• [What you need to do] Below is a listing; write it out exactly and drop any images from it.
[Data below Boundary: Start]
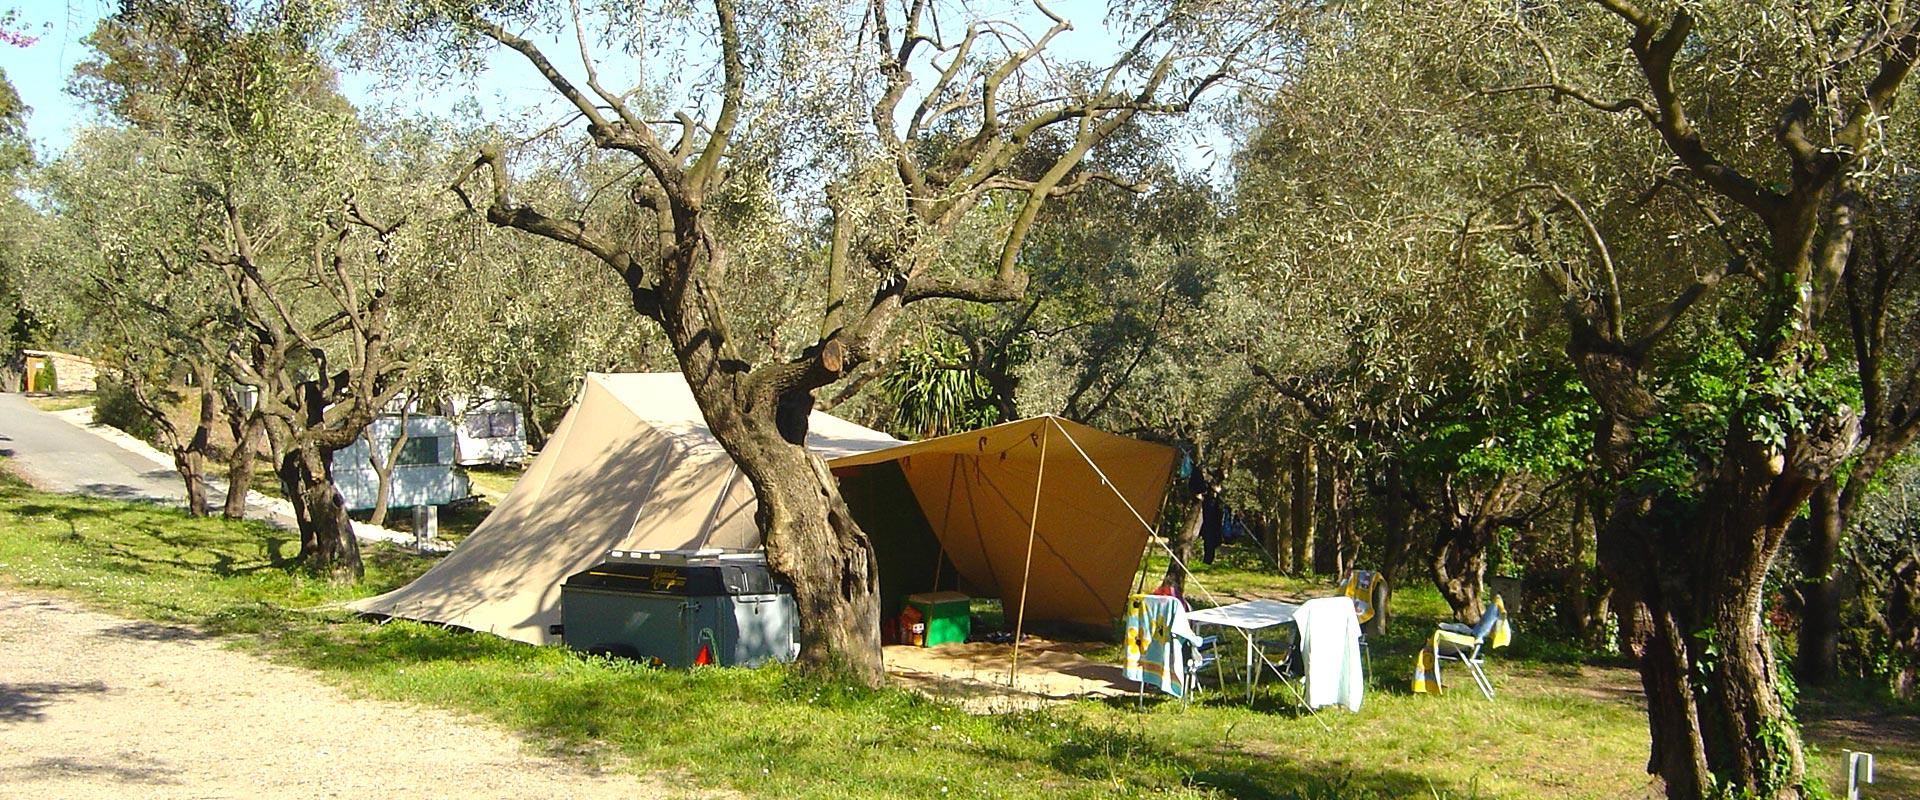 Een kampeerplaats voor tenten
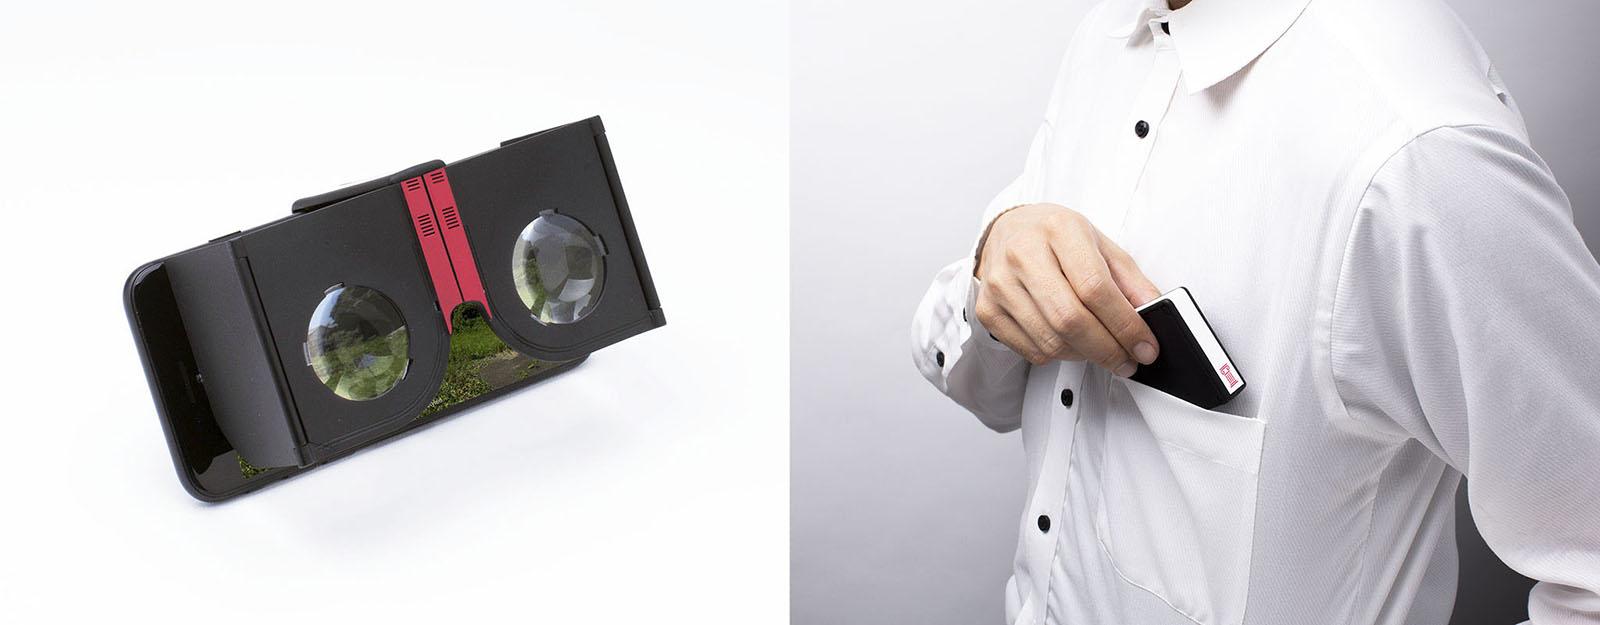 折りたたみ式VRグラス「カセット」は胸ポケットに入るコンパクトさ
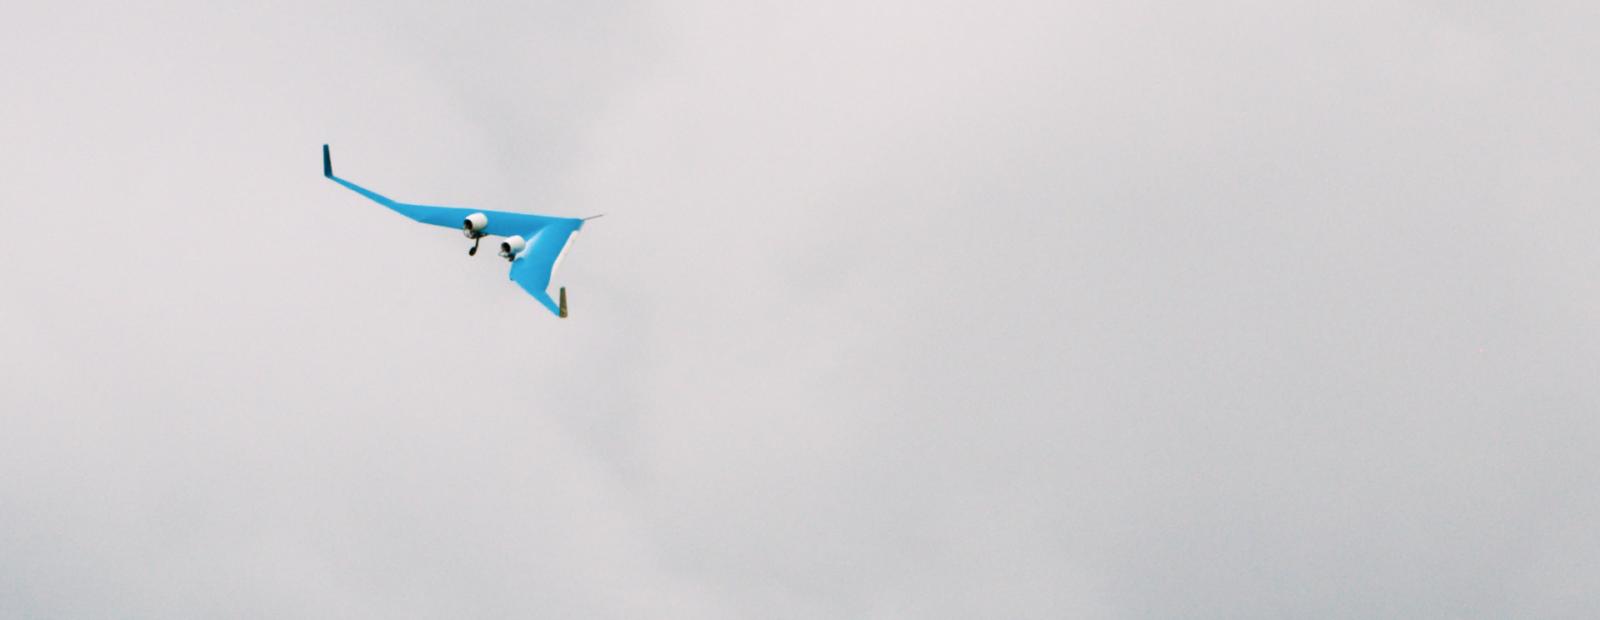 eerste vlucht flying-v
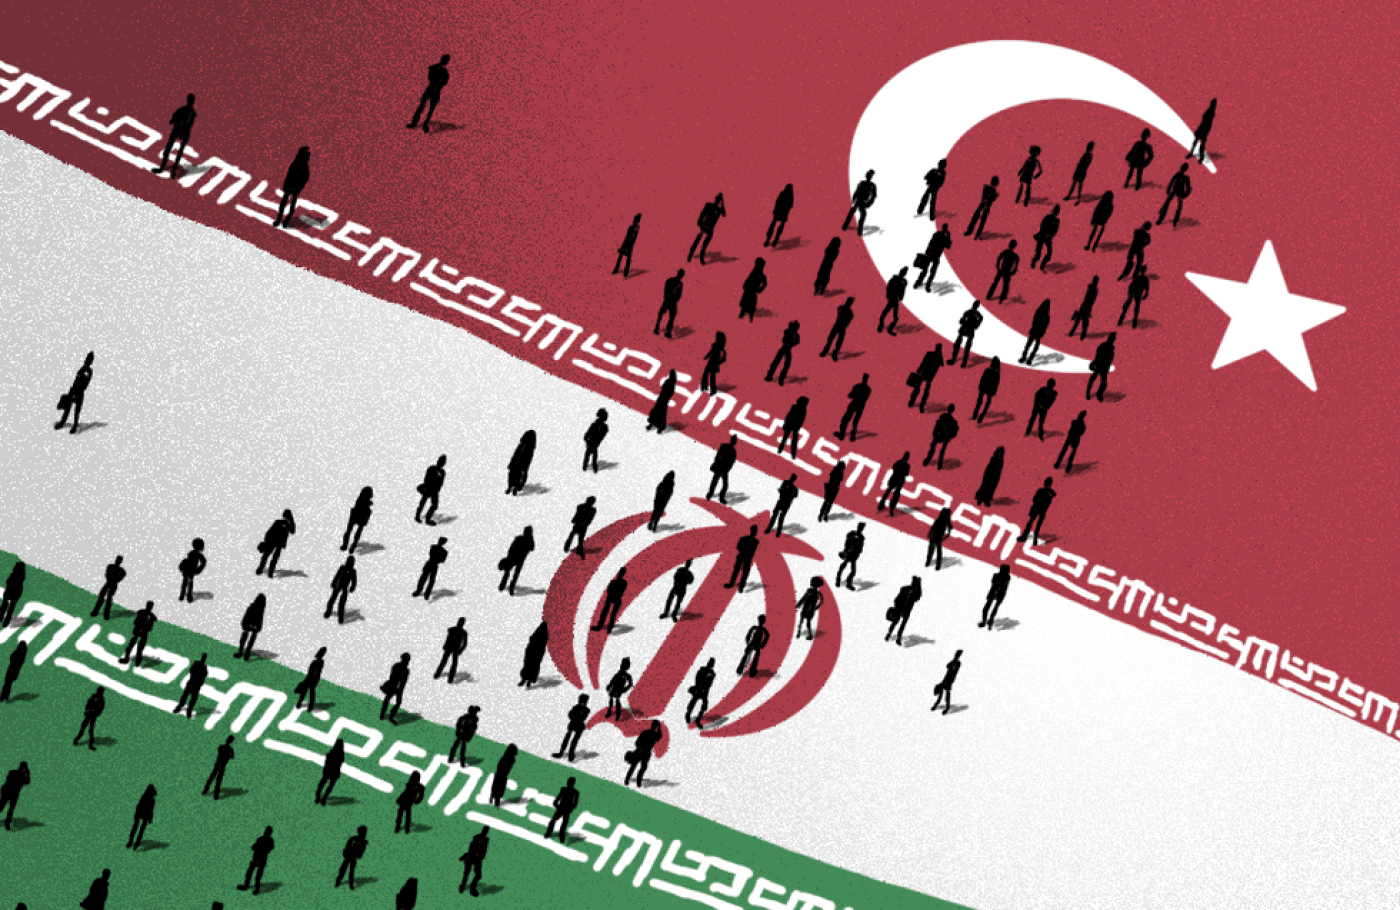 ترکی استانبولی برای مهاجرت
[Data below Boundary: End]
• [Exercise result]
 Een kampeerplaats voor tenten
 折りたたみ式VRグラス「カセット」は胸ポケットに入るコンパクトさ
 eerste vlucht flying-v
 ترکی استانبولی برای مهاجرت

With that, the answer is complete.